After browsing through the aggregate functions documentation, I hit upon the NTILE function which I’ve used before, and realised that was the answer. The NTILE function takes a set of ordered data and divides it evenly (or as evenly as possible) between a number of buckets. In our case, we wanted to discard the top 25% and bottom 25%, so we simply divide the set into 4 buckets and discard the 1st and the 4th buckets; then take the standard average of the remainder:

SELECT AVG(mystat)
FROM (
      SELECT mystat,
             NTILE(4) OVER (ORDER BY mystat) n
      FROM (SELECT mystat
            FROM mytable)
     )
WHERE n IN (2,3);

The benefit of this query is that it only does one pass over the data, and was easily modified to partition the data set into groups; a count was also added so that the average could be taken over the entire data set for any groups that had less than 4 items.

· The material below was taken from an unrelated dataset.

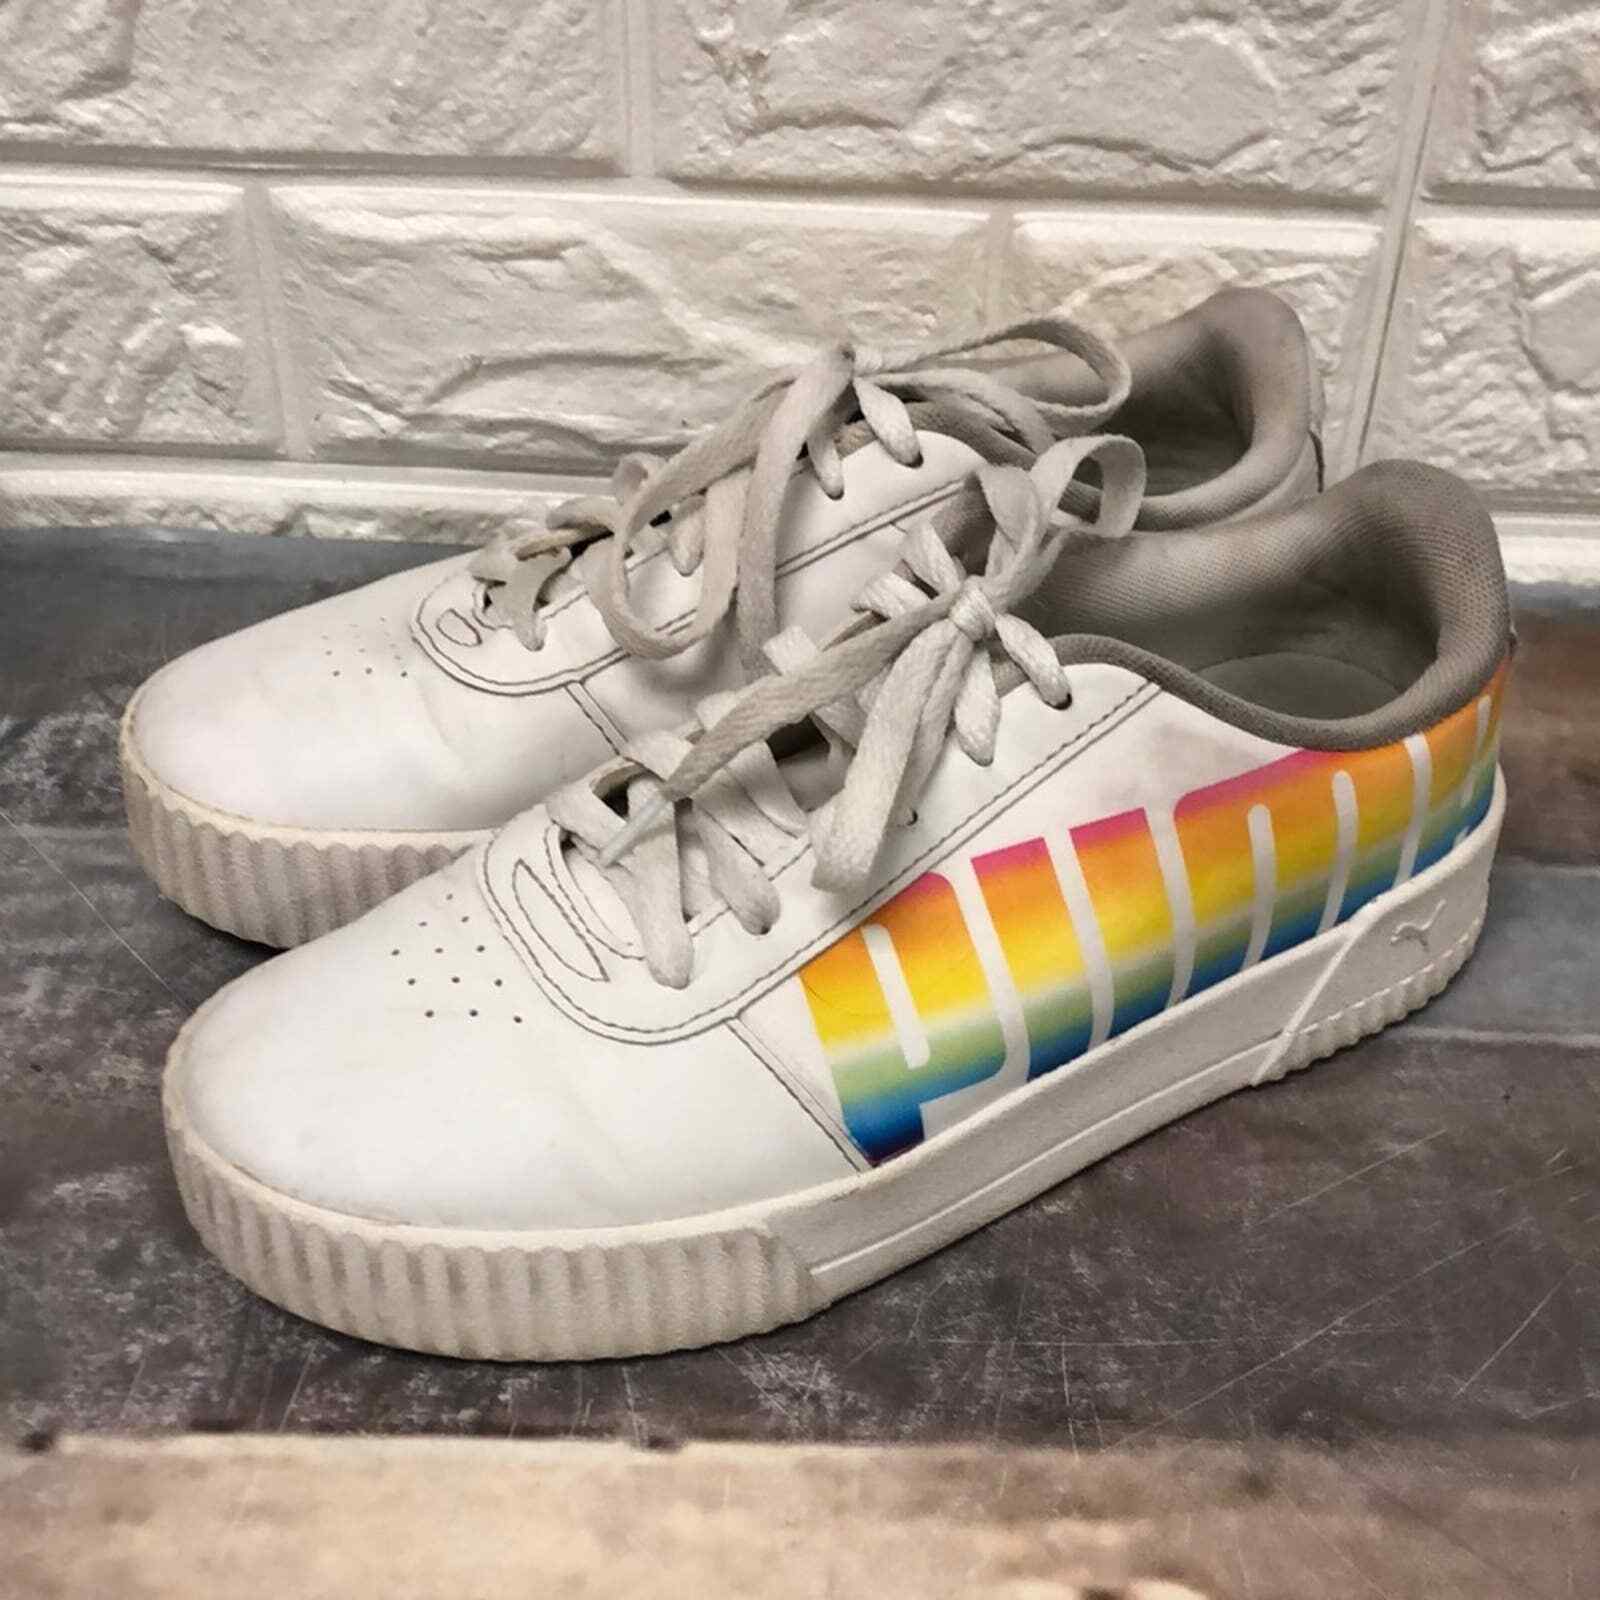 Primary image for Puma Carina Soft Foam Rainbow Letters Pride Sneakers Kids sz 6.5 White Low Top

To get the truncated mean in groups, except for groups with <4 items (for which we’ll report the average over the entire group):

SELECT mycat, AVG(mystat)
FROM (
      SELECT mycat, mystat,
             NTILE(4) OVER (PARTITION BY mycat
                            ORDER BY mystat) n,
             COUNT(1) OVER (PARTITION BY mycat) c 
      FROM (SELECT mycat, mystat
            FROM mytable)
     )
WHERE n IN (2,3) OR c < 4
GROUP BY mycat
ORDER BY mycat;

Lesson learned today

Comment out all “DROP TABLE” commands in my scripts.

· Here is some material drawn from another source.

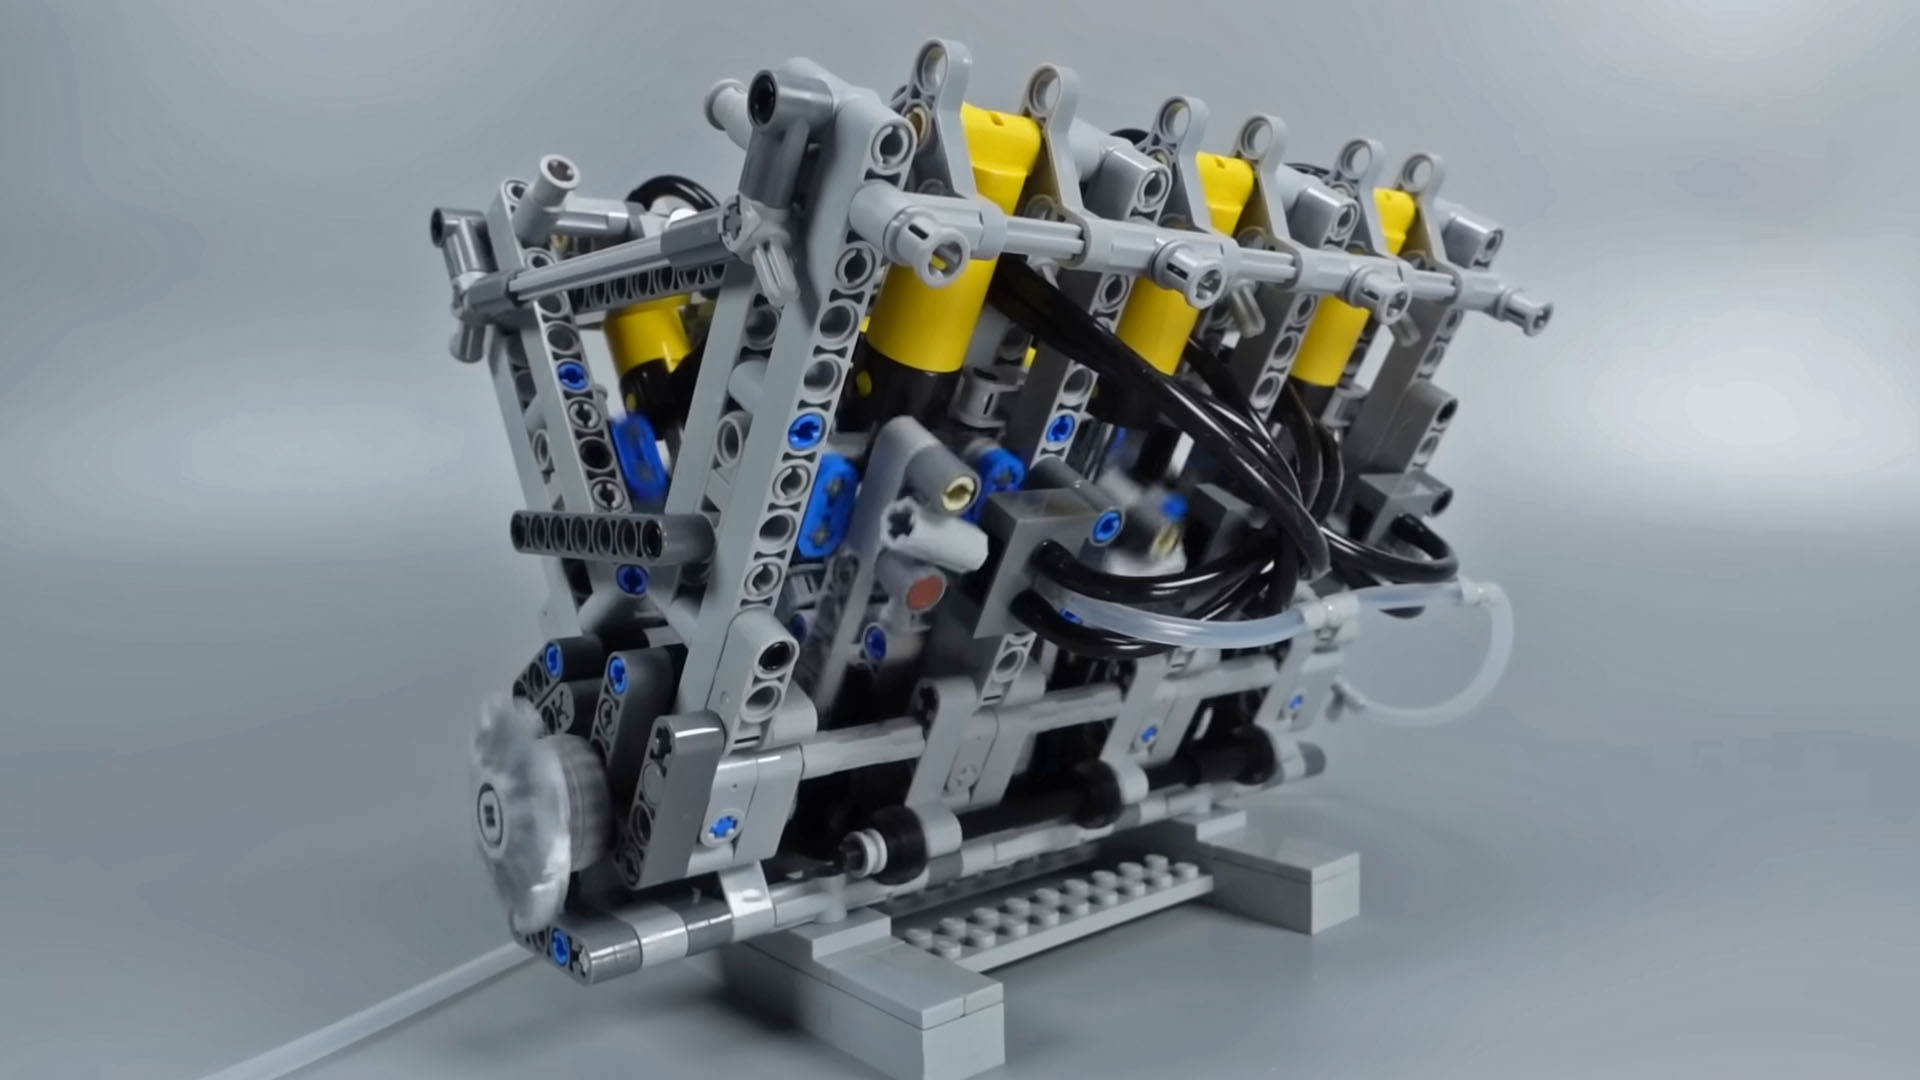 fest føderation forpligtelse These Air-Powered Lego Piston Engines Are Hypnotizing To Watch

(I accidentally hit F5 when the focus was in the wrong window – which happened to contain a “DROP TABLE / CREATE TABLE” script – my Toad session goes and happily drops the table that I’d been gradually accumulating statistics into for the past 3 days – and no, there’s no flashback table in 9i)

At least I kept all my scripts – rerunning them all now…


How to Change the ORDER BY When You Can’t Modify the SQL

Is it possible to change the ORDER BY on a query, if the SQL is defined in a wrapped PL/SQL package? A colleague asked me this interesting question today – and the answer was quite simply, Yes and No.

If the SQL already has an ORDER BY, then the answer is No. Fortunately, in our case, the SQL didn’t have any ORDER BY clause:

SELECT a.addressid
FROM address a, addresstype t
WHERE a.locationid = :locationid
AND a.typeid = t.typeid
AND t.typecode = 'STREET';

The plan currently being picked by the CBO (Oracle 9.2.0.8) is:

NESTED LOOPS
   TABLE ACCESS BY ROWID addresstype
      INDEX RANGE SCAN pkx_addresstype
   INDEX RANGE SCAN ix_address

For background, here are the relevant schema details:

TABLE address
(addressid NUMBER PRIMARY KEY
,locationid NUMBER NOT NULL
,typeid NUMBER NOT NULL --FOREIGN KEY to addresstype
);

INDEX idx_address (locationid, typeid, addressid);

TABLE addresstype
(typeid NUMBER PRIMARY KEY
,typecode VARCHAR2(30) NOT NULL
);

typecode is actually unique, but no constraint has been declared to the database.

Because the first step in the plan (the TABLE ACCESS on addresstype) only ever gets one row (in practice), the index range scan on ix_address causes this query to return the rows in ascending order of addressid.

The process that runs this query gets rows one at a time, does some work to “check” it against some other data, and once it finds a “match”, it stops getting more rows.

This design probably seemed like a good idea at the time, but now the business would like this process changed so that in the (rare) occurrence when more than one row would “match”, the process should favour a more recent address rather than an old one. For our purposes, “recent” may be approximated by assuming that bigger addressids are more recent than smaller addressids.

We can’t change the code without a lengthy and costly call to the application vendor; it would be better if we can change it ourselves. We cannot change the PL/SQL package in which this query is defined; so what can we do? Can we change the order in which rows are returned from this query?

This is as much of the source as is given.